**TASK TO COMPLETE:** Out of the material that follows, write out exactly the lines from the line with "Portrait of mature" to the line with "DIESEL T-SHIRT WITH SHADED EFFECT AND LOGO", both ends included, and no others.

**EXERCISE MATERIAL:**
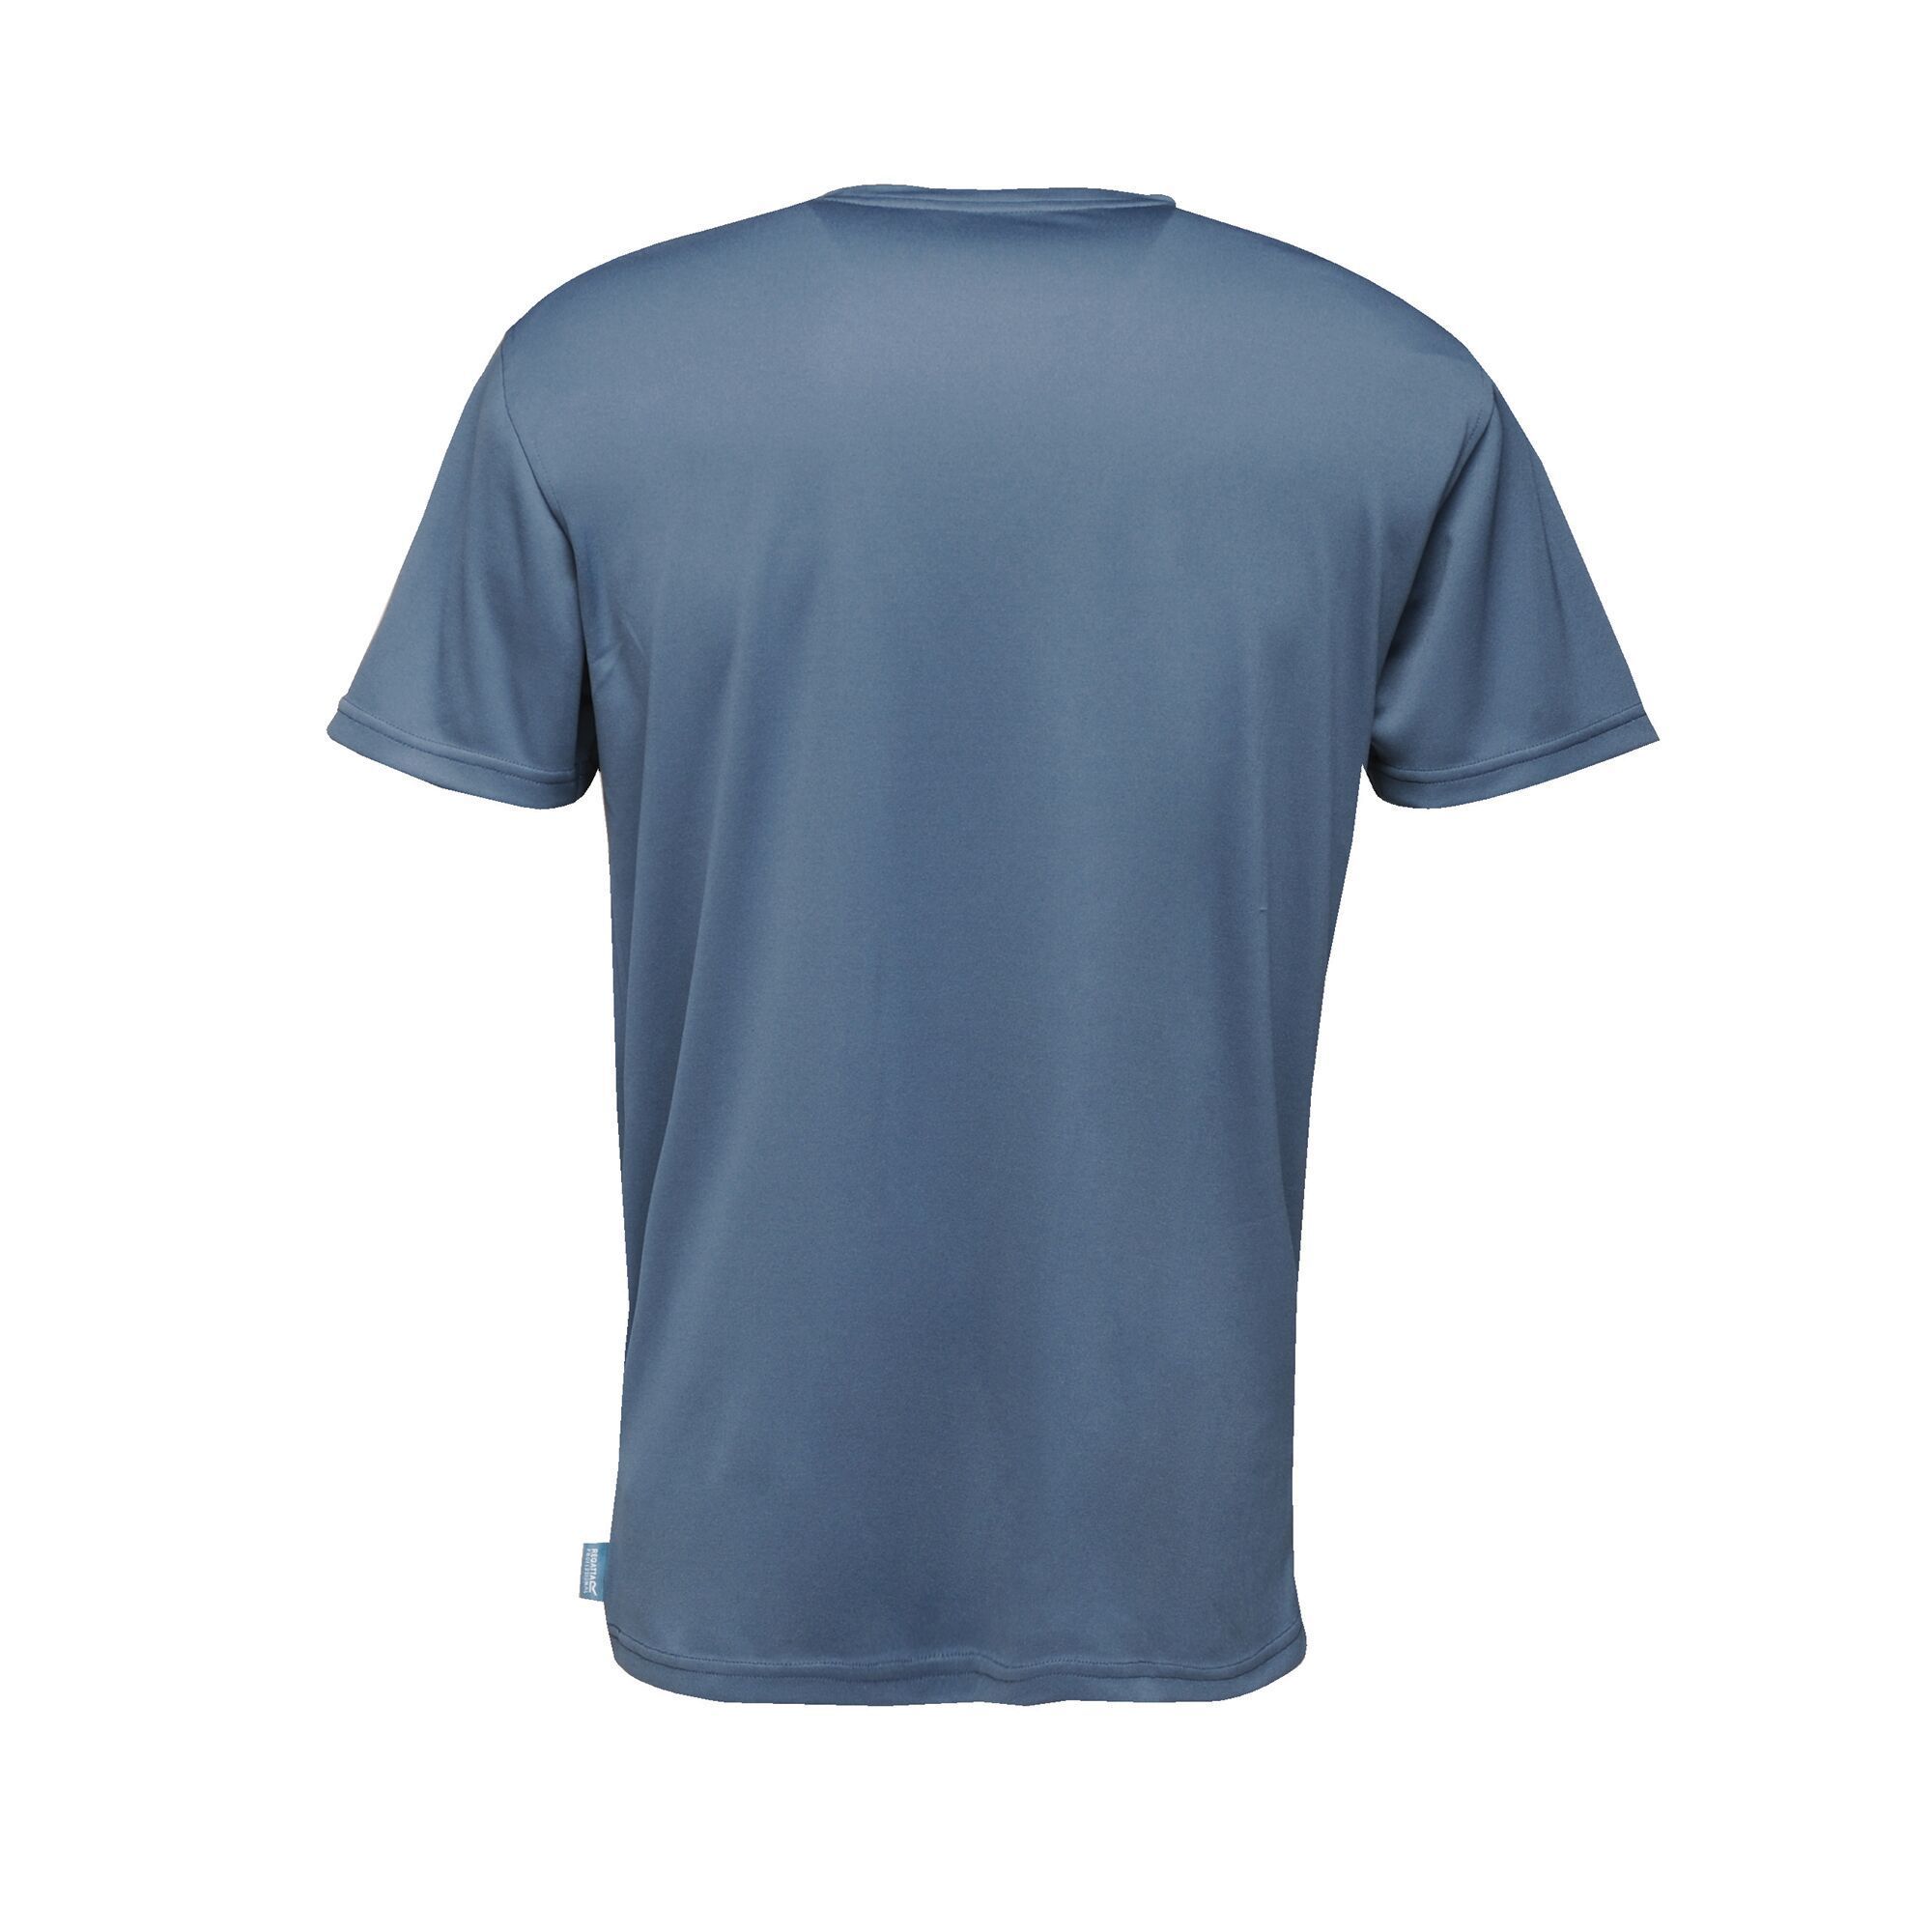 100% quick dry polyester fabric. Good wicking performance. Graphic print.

...

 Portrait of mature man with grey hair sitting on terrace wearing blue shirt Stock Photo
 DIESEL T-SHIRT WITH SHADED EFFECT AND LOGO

...

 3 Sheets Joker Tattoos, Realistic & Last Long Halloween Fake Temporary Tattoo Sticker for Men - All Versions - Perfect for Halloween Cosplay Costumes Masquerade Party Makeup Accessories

**PROBLEM SOLUTION:**
 Portrait of mature man with grey hair sitting on terrace wearing blue shirt Stock Photo
 DIESEL T-SHIRT WITH SHADED EFFECT AND LOGO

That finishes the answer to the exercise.